Pastor Bob Martin:So you ask for the Bible. Let me just give you the whole Bible. That's the picture of who we are, and that we don't need to idolize marriage. We can worship a Savior who's faithful to us from beginning to end, who may want to give us the gift of singleness, he may want to give us the gift of marriage, and either one is a good gift and a good calling, even if you're a season of struggling with that right now. And and right, as a pastor, I know people who are struggling with marriage, and I know people who are struggling with singleness.

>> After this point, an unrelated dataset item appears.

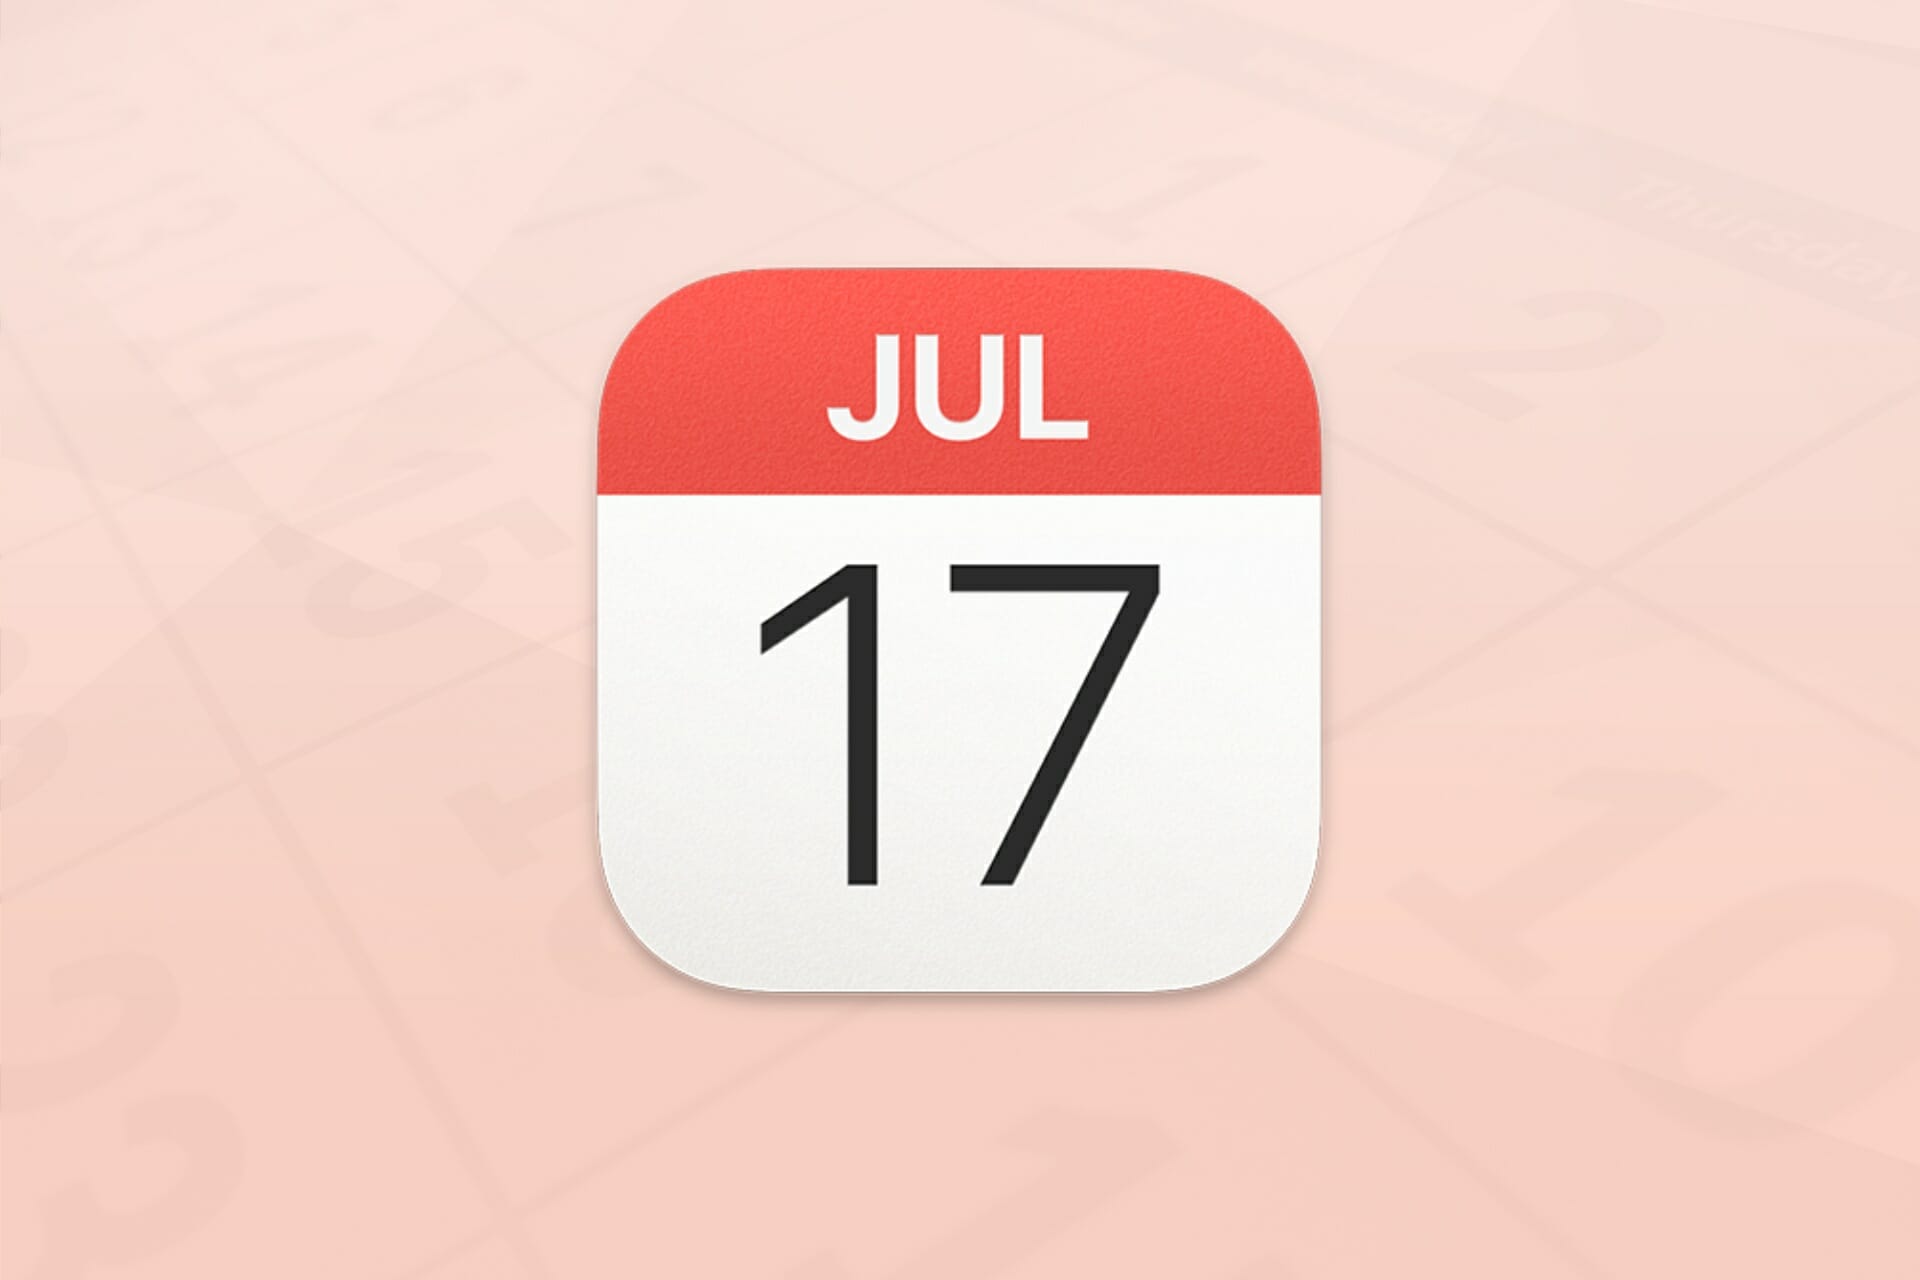 access apple calendar on windows 10 pc

Renee Richel:Amen. And so it's always like what we don't have is what we want, and we forget to trust the journey and know that there's something bigger if we trust in him with all of our heart, instead of focusing on what we don't have that we believe we deserve, right? So I love that illustration. And I think that's a good message to our community, which we have single day engaged folks as we walk through the journey of singleness, into then what then they come into sometimes our our vow renewal boot camp because they're also like, I now have no time for myself because we're married, we have kids, and then it's like they're all different waves, as you were saying earlier, that everybody goes through. So it's important while you're single, I always tell everybody read marriage-minded books because it's equipping you with the tools of what marriage looks like. So when you're there, you're ready and not shocked. And if you forever want to be single, yes, read single books, but that's not gaining any knowledge of what it's like to be in a marriage someday either. Yeah. I love all this. Is such good nuggets. This is awesome. Um, okay. So can you share a story or a moment when God worked powerly powerfully through a relationship, either in your own life or in your pastoral work?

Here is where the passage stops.